The Chamber says that U.S. energy companies must be permitted to extract all sources of domestic energy immediately, as it will not only generate new jobs but also bring in more government revenue and ease U.S. dependence on hostile nations. If the government permits offshore oil development in the Gulf of Mexico back to pre-moratorium levels, nearly 190,000 new jobs will be created by 2013, writes Donohue. By expanding oil and gas exploration on domestic soil, “we could create 530,000 jobs, reduce imports by 44% by 2025, and increase government revenues by $206 billion.”
Donohue also claims that easing the regulatory burden on U.S. businesses, and the costly litigation that such regulations spawn, would assist in transferring hundreds of billions of dollars in private capital to business expansion. In addition to regulatory reform, Donohue argues that the government should streamline and accelerate the permitting process by limiting environmental reviews to six months, preventing duplicate reviews by state and federal governments, and appointing a lead agency to administer the regulatory process.

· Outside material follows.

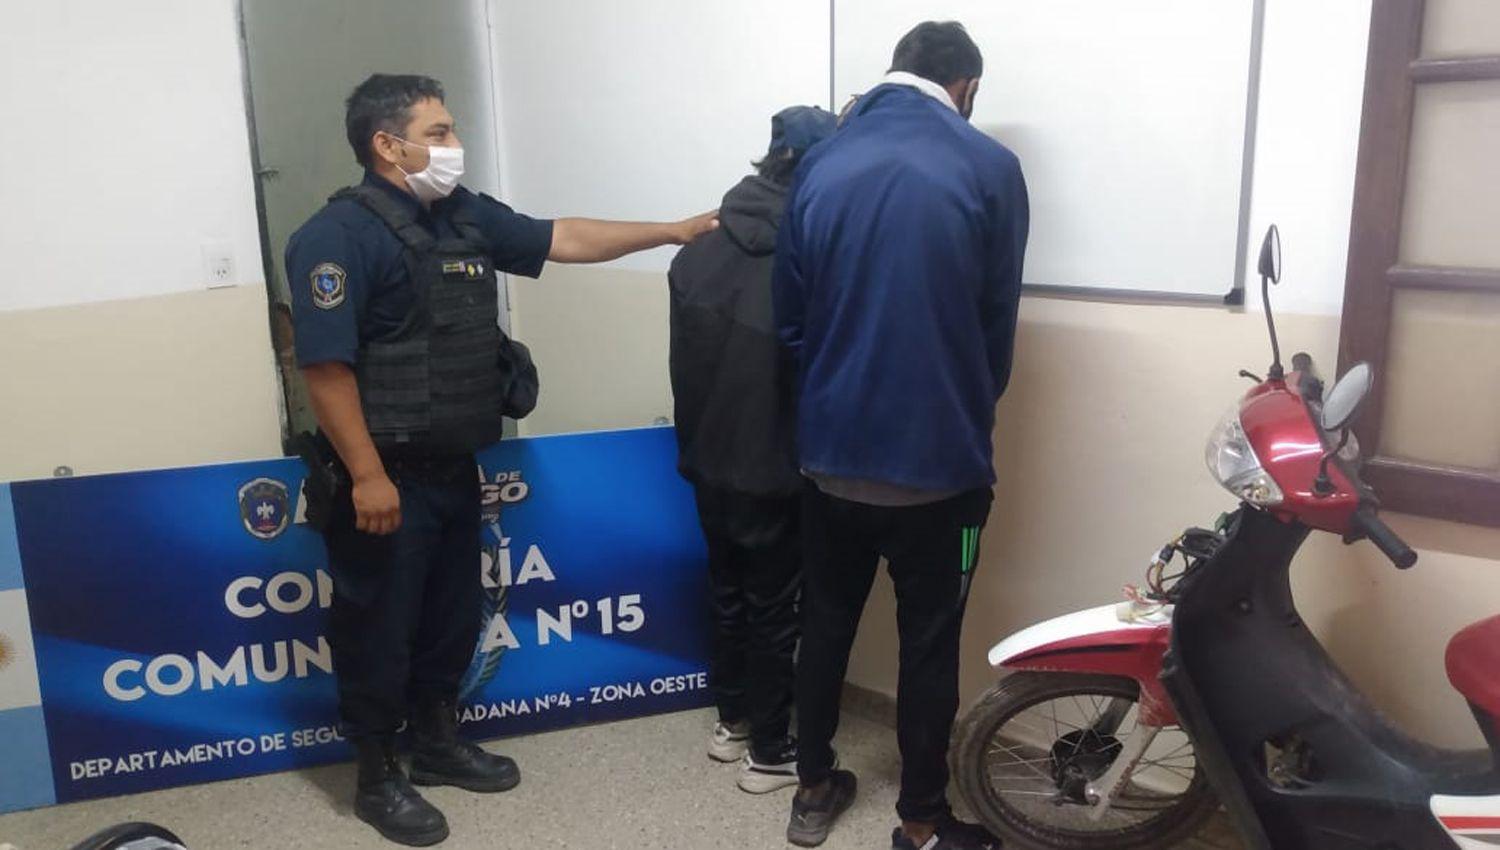 Luego de robar una moto intentaron huir en colectivo pero fueron detenidos

The Chamber’s position on business regulations resounds with a harmonious tone on Capitol Hill, as both sides of Congress pose concerns about today’s corporate environment. During the final day of the West Virginia Chamber of Commerce’s 2011 Business Summit, business and political leaders exuded a common theme — the government must halt the regulatory assault on private businesses.
Former Democratic U.S. Senator Evan Bayh, a big-name speaker at the summit, called for a moratorium on new federal regulations. “Regulators are not bad people, but they never had to meet a payroll,” he said, so they don’t understand the complexities of running a business — and unlike political leaders, “they don’t have to answer to the voters.” Former White House Chief of Staff Andrew Card echoed Bayh’s remarks, asserting that there are more federal regulations hindering businesses today than ever before “and more new regulations in the pipeline than ever.”
All of Donohue’s proposals will find critics, such as his call for passing new “free trade” agreements, which don’t promote free trade at all but set up international regulatory bodies that regulate trade and pick winners and losers in the nations involved, generally benefiting the largest corporations. And while proposals on infrastructure may pique interest among congressional Democrats, critics suggest that the Obama administration will axe the Chamber’s call for domestic oil production and corporate tax reform — and Thursday, when the President’s jobs plan is presumed to come out, could very well prove that theory.